Of course, we each encounter this in space/time, in our consciousness; I don't say any of the above to discount people's very real "I once was lost, but now I'm found" conversion experiences. I just think its helpful to see the covenantally, socially, publicly/politically and communally as well as individually--both in the "sin" and "redemption" aspects. Otherwise, we end up with an impoverished gospel that I can no longer "give" to someone with a straight face. It's just not sustainable.

6:05 PM  
Blogger Neil said...

Sheesh, guys.

I've got an issue with the polarization of faith and works as much as the next guy.

I just thought it was a clever paraphrase.

2:35 PM  
Blogger Neil said...

By the way...

I realize I'm not scholastically equal to the task of criticizing the New Perspective on Paul, but I HAVE given this a good bit of thought.

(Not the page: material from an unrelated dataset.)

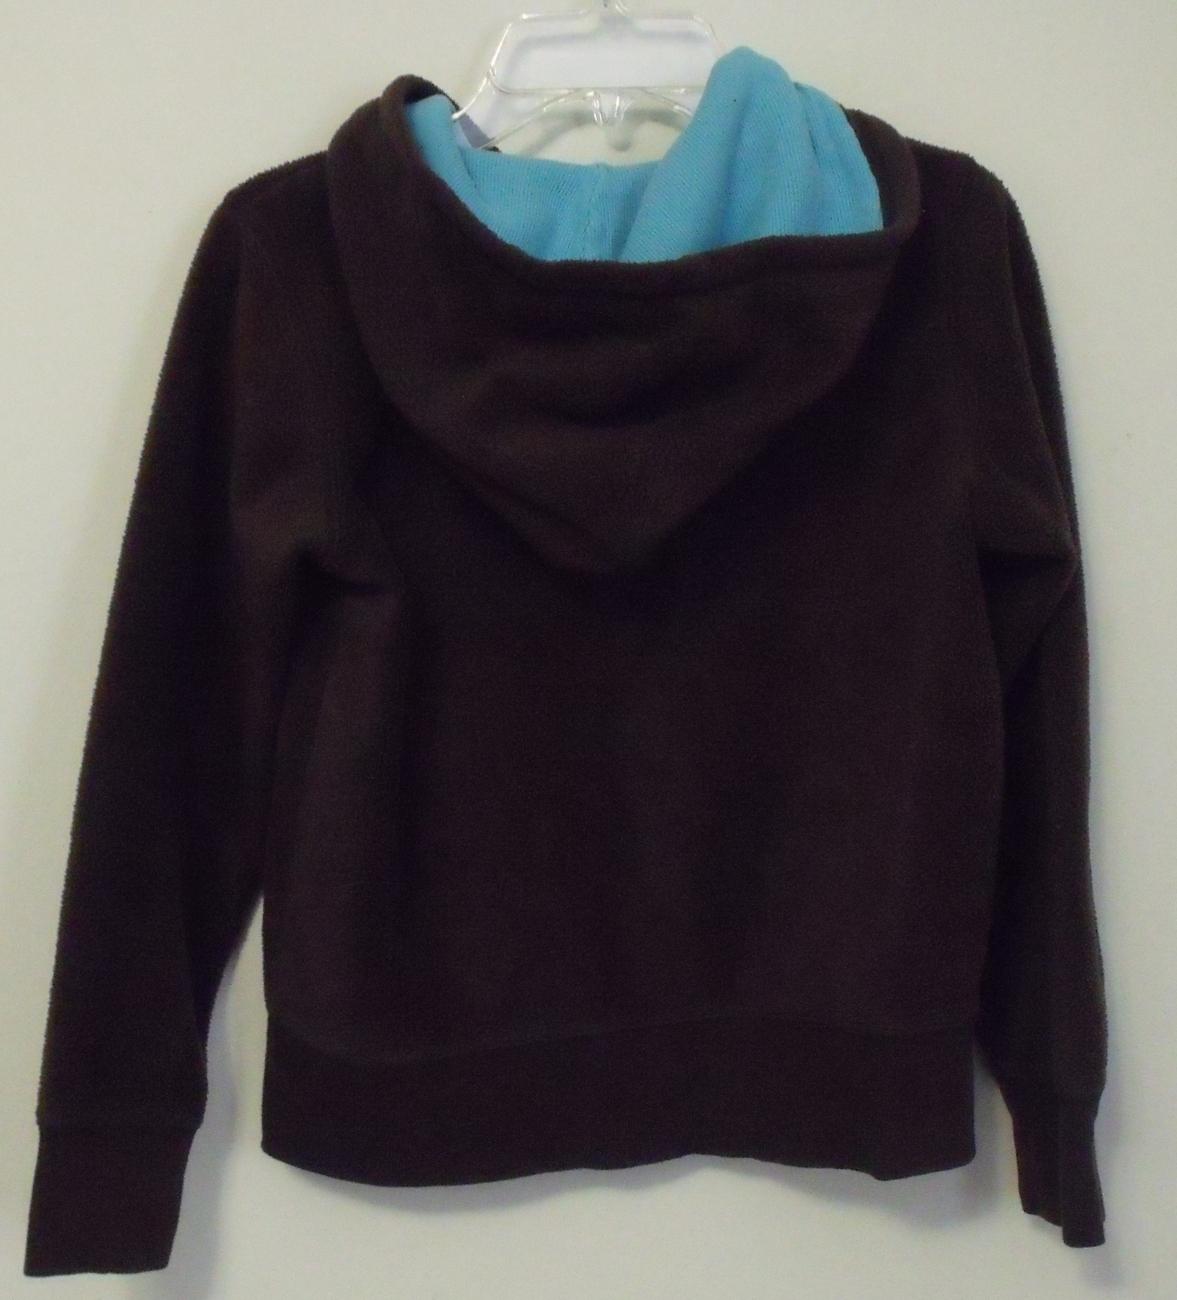 Girls Gap Kids Brown with Aqua trim Fleece Hooded Long Sleeve Jacket Size M  image 2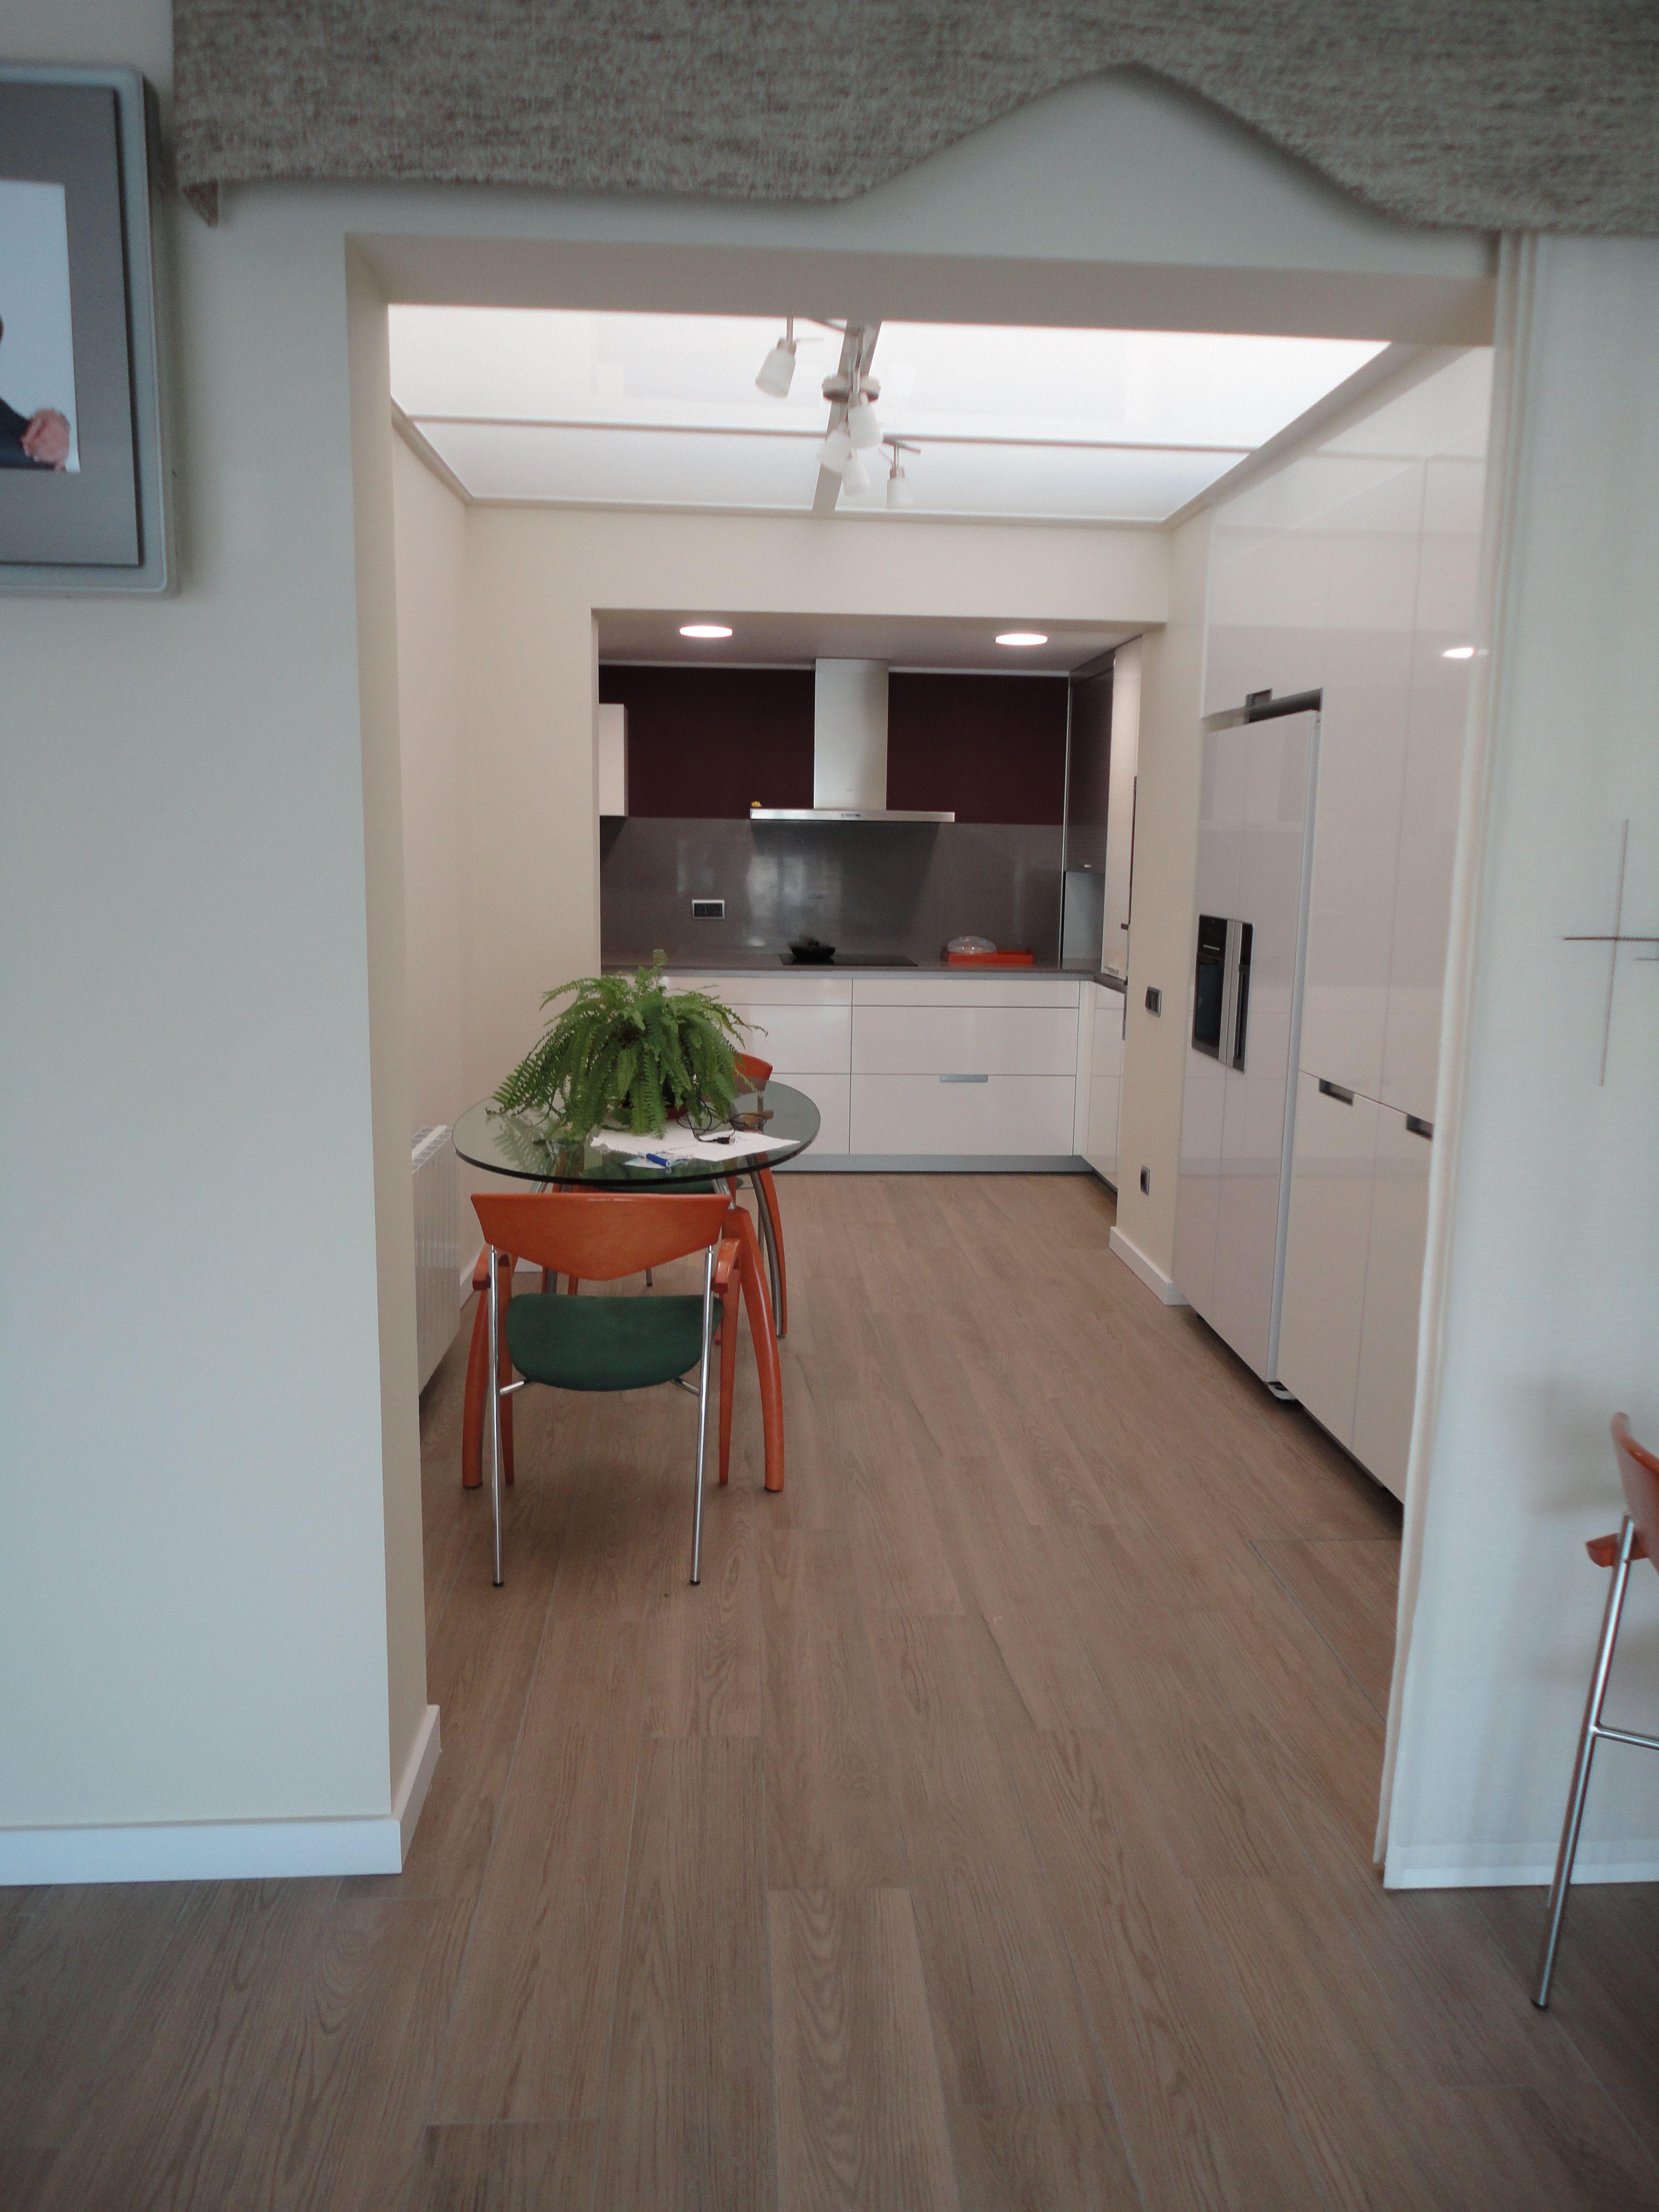 Renova Interiors Reforma Vivienda Completa M Jm Integraci N De  ~ Suelo Porcelanico Imitacion Madera Cocina

Charles Cosgrove wrote a great study in Galatians entitled The Cross and the Spirit. Incidentally, he wrote it after Sanders and Dunn began their work on Second Temple Judaism. The gist of his work argued that rhetorical criticism sheds some "new perspective" on Paul's purpose in writing that letter in the first place. Without going into great detail, his main point was to establish that Paul was not primarily pushing for racial inclusion in that letter, although that would be the most immediately relevant secondary outcome.

His primary argument in Galatians is that the indwelling Spirit is the only way to realize the character of God in the people of God. The Law as a means for inspiring that conduct will never do the trick.

There's more I could say about the current trends of Pauline studies, but who cares what I think, anyway? People who already think the same way as me?

2:44 PM  
Blogger Mike Morrell said...

Well actually Neil, I'd like to hear your thoughts/summary of this book. But let me go ahead and read your next post...

(My initial response is: Indwelling Spirit: Yes! Radical Inclusion: Yes! Maybe they both help inform the other; maybe you wouldn't know the presence of one fully and truly without the other.)

3:46 PM  
Anonymous Anonymous said...

Awww, Neil...
I don't know about everyone else here, but I don't want to fight about this stuff either.
Ain't got time.

Wouldn't mind getting together sometime soon though...for...like...REAL fellowship for a change.